7 Financiële consequenties

In de voorliggende hoofdstukken zijn diverse aanbevelingen gedaan om de doelstellingen van de gemeente Wierden op het gebied van ouderen te bereiken. Een aantal van deze aanbevelingen kan worden gerealiseerd door het werven van extra vrijwilligers. Een aantal andere aanbevelingen kan niet worden uitgevoerd zonder extra financiële middelen. In dit hoofdstuk geven we globaal inzicht in de verwachte kosten voor het uitvoeren van deze aanbevelingen

7.1 Woonserviceadviseurs

Bij Ouderen voor ouderen wordt een breed scala aan initiatieven gebundeld en versterkt waarbij de focus is gericht om (vitale) ouderen in te zetten voor (kwetsbare) ouderen.

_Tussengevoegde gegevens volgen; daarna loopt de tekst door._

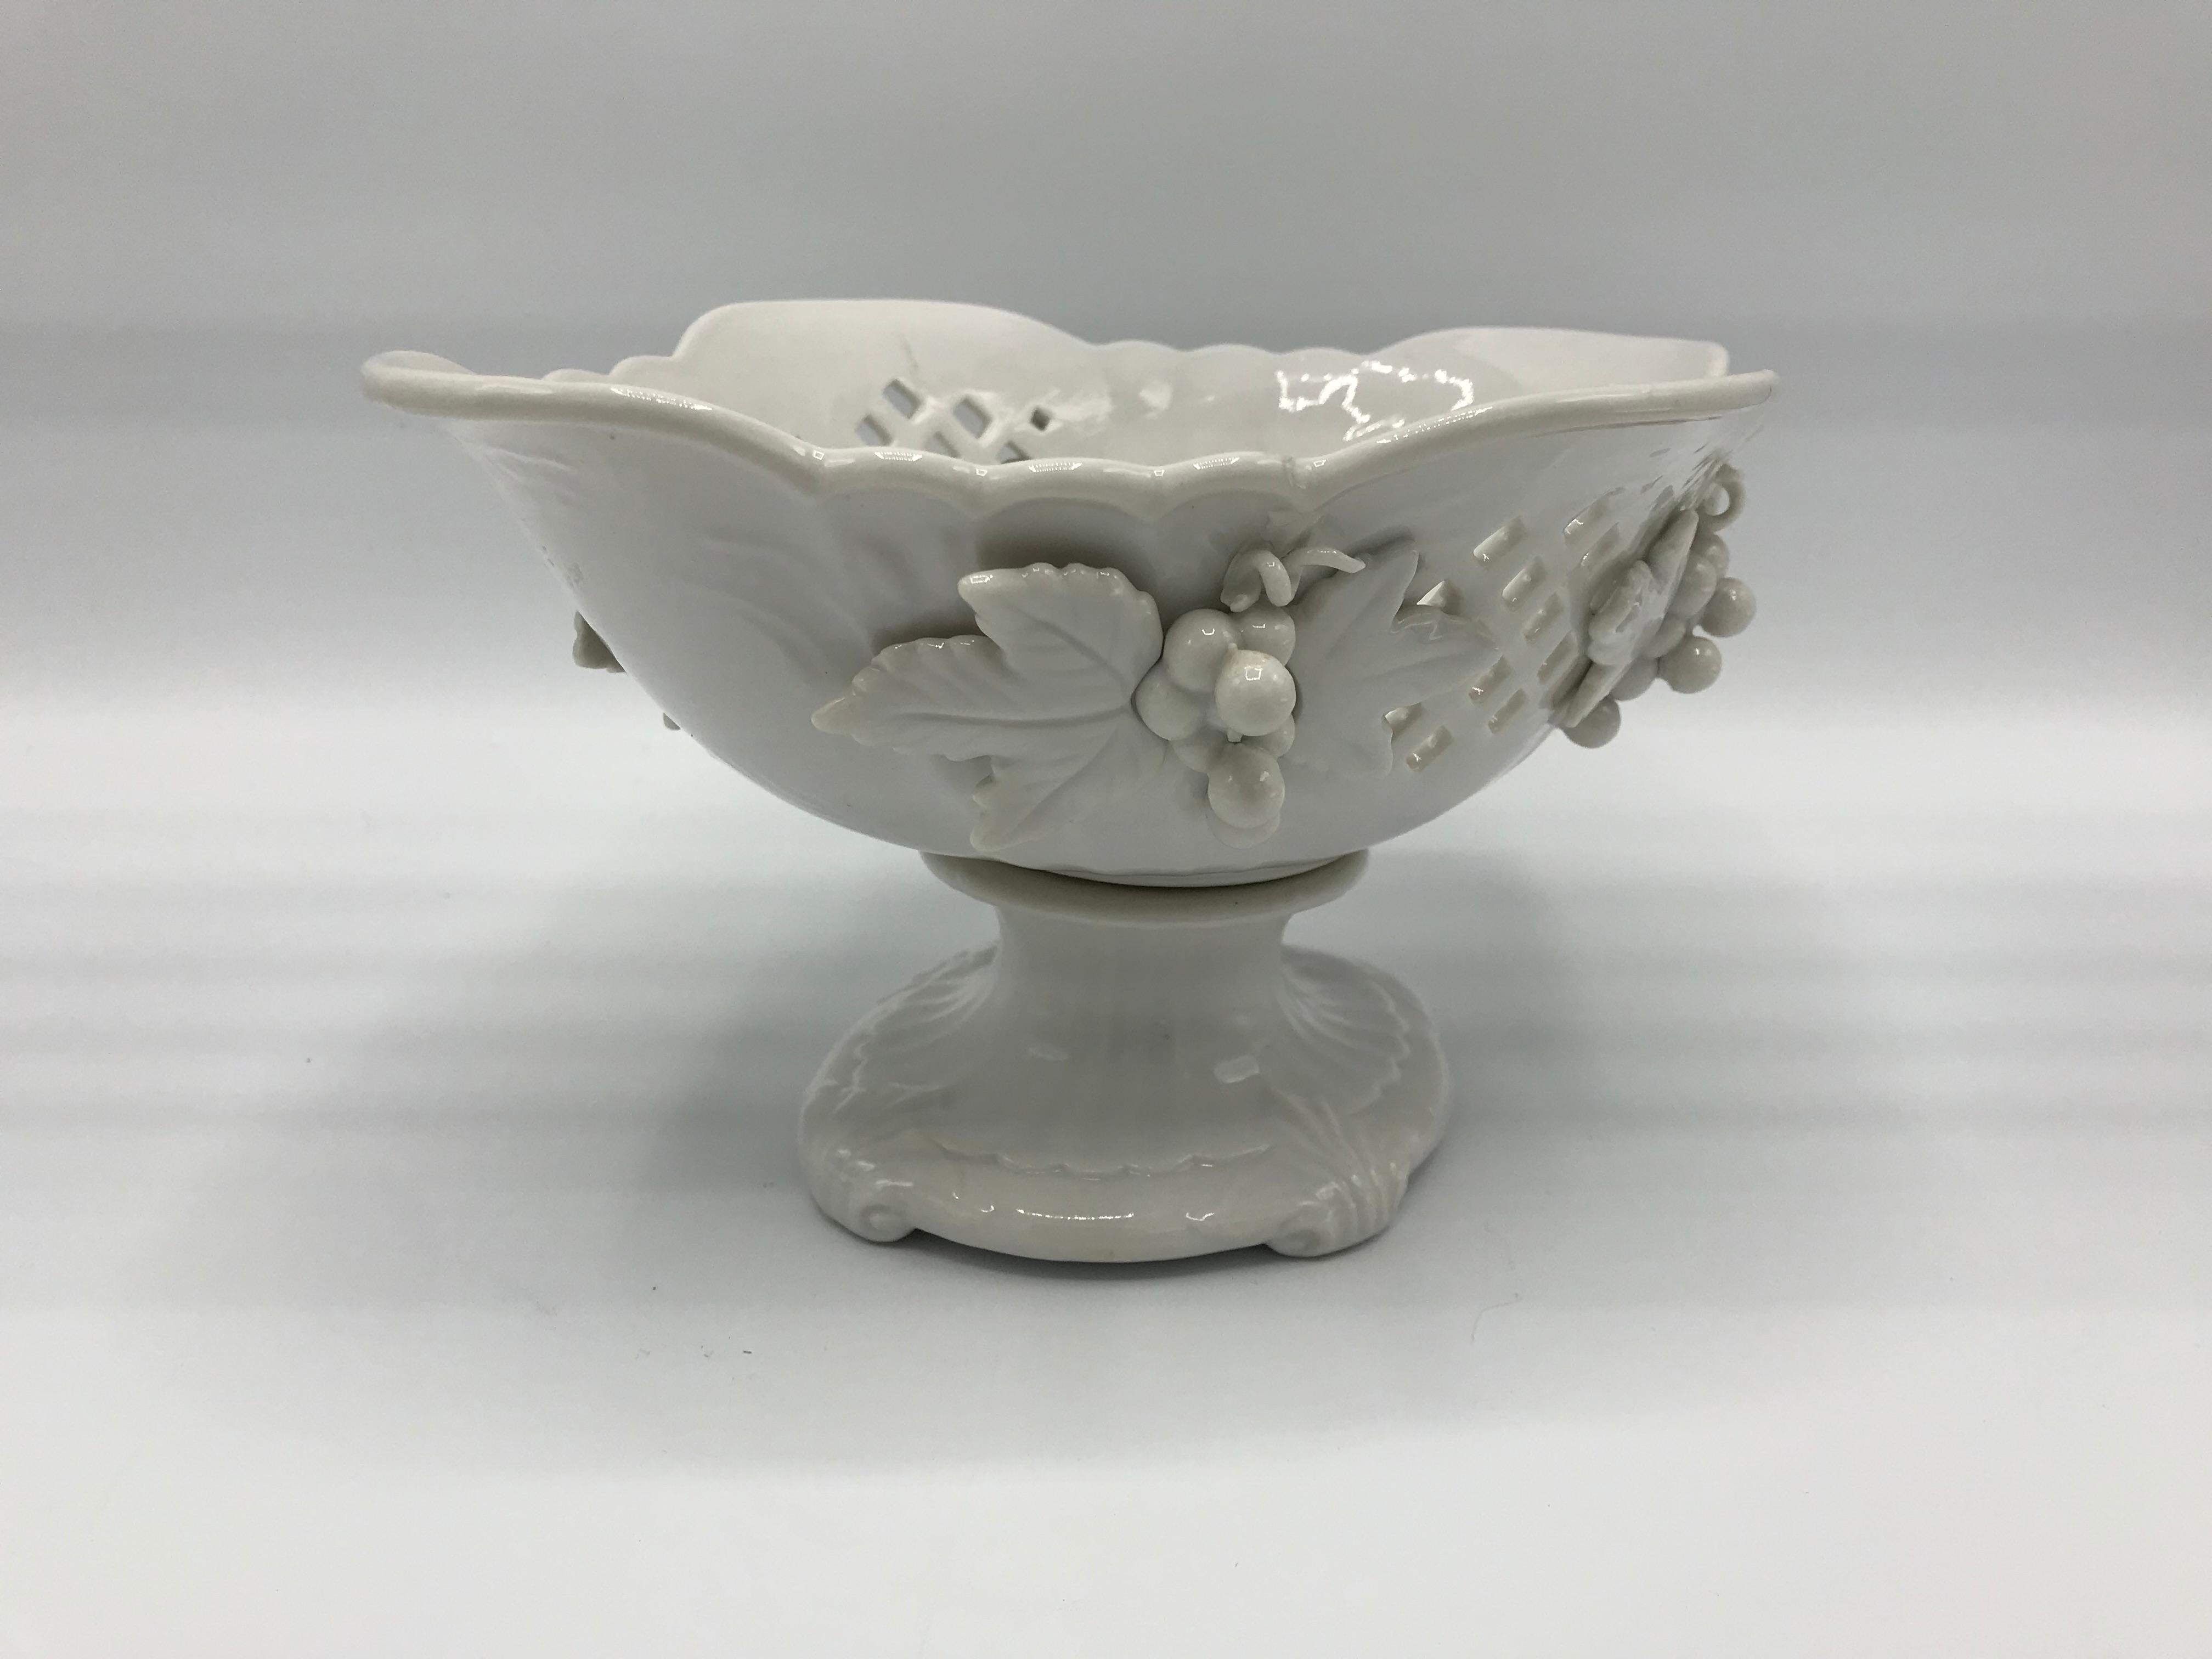 Offered is a stunning, 1960s Blanc de Chine porcelain compote bowl. The piece has a gorgeous pierced detailing on the two longer sides and a sculptural grape motif.
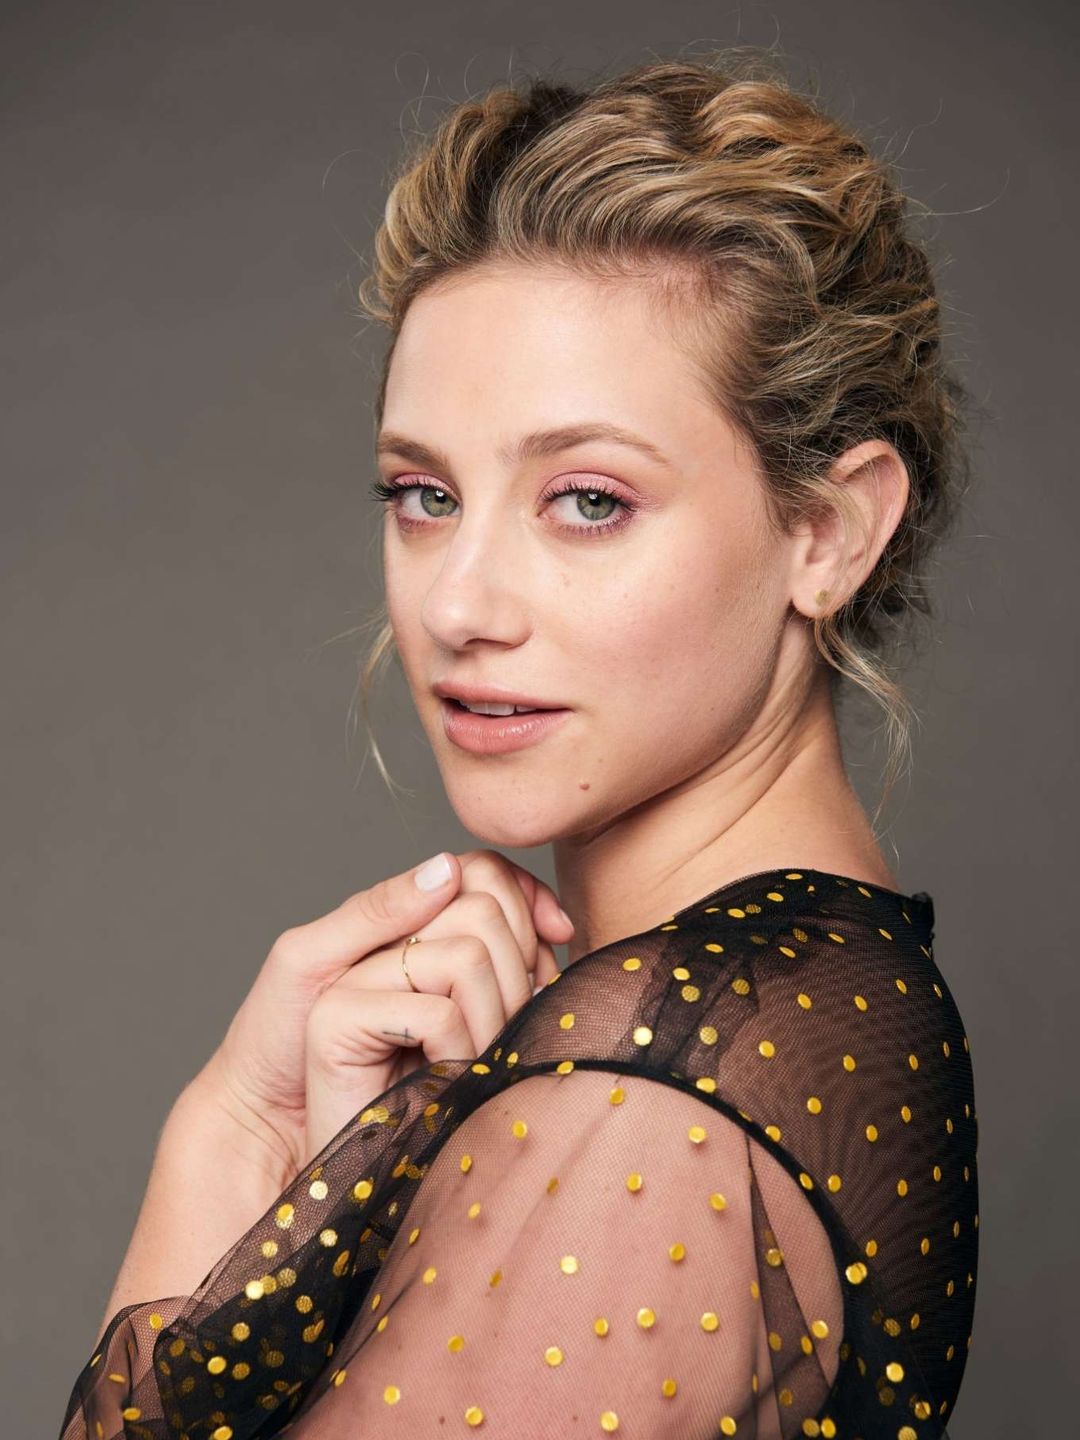 Lili Reinhart who is her mother

Naast de vergrijzing, staan er grote transities op stapel waaronder de transitie van de AWBZ. Deze gaat gepaard met een forse bezuiniging. Dit alles zal een groot beroep doen op de samenleving om voor elkaar te zorgen, de eigen kracht van mensen in te zetten.

Binnen de gemeente Wierden zijn er verschillende initiatieven die een basis kunnen vormen voor deze omslag. Denk hierbij aan Woonservice en Senioren op eigen kracht. Deze projecten hebben het bestaansrecht bewezen en leveren een goede bijdrage aan het welzijn van de senioren in de gemeente. Echter met de toenemende vraag en een afnemende zorgtaak van de overheid, zal er meer moeten gebeuren. Belangrijk is uit te gaan van de basis en deze te versterken.

Doel:

- in een vroegtijdig stadium onderkennen van zorgvragen bij ouderen;

- vitale ouderen inzetten voor de buurt;

- eigen kracht van alle burgers inzetten, ook van de zorgvrager

- verbindingen leggen en versterken van bestaande initiatieven in de wijk/buurt

Bij Ouderen voor ouderen wordt een breed scala aan initiatieven gebundeld en versterkt waarbij de focus is gericht om (vitale) ouderen in te zetten voor (kwetsbare) ouderen.

Door het gecoördineerd inzetten van woonserviceadviseurs in de woonservice-gebieden wordt gewerkt aan verankering van deze gedachte. Deze adviseurs zoeken ouderen op en naast signaleren, werven zij ook ouderen; vormen een spin in het web.

Individuele hulpvragen van ouderen worden gesignaleerd en deze ouderen worden bezocht. De hulpvraag wordt in kaart gebracht en zoekt naar mogelijkheden bij de hulpvrager en bij het netwerk in de wijk/buurt. Samen wordt er naar een oplossing gezocht, waarbij de kracht van de hulpvrager ook ingezet zal worden (bij de eigen hulpvraag of de hulpvraag van een ander of van de wijk). Deze

Woonservice-adviseurs moeten worden geschoold. Zij ontvangen een scholing van de ouderenadviseur Eigen kracht Senioren. Hierbij wordt ingezet op kennis van de sociale kaart, kennis van de eigen directe omgeving en gespreksvoering. Na deze algemene cursus, maken zij kennis met de mensen en mogelijkheden van de informele (zorg) netwerken binnen de eigen buurt/wijk, de mogelijkheden van de Woonservice en het woonservicewijkteam en het informele netwerk. Zij zullen ook een directe link met het wijkteam krijgen. Kennen en gekend worden is het sleutelwoord.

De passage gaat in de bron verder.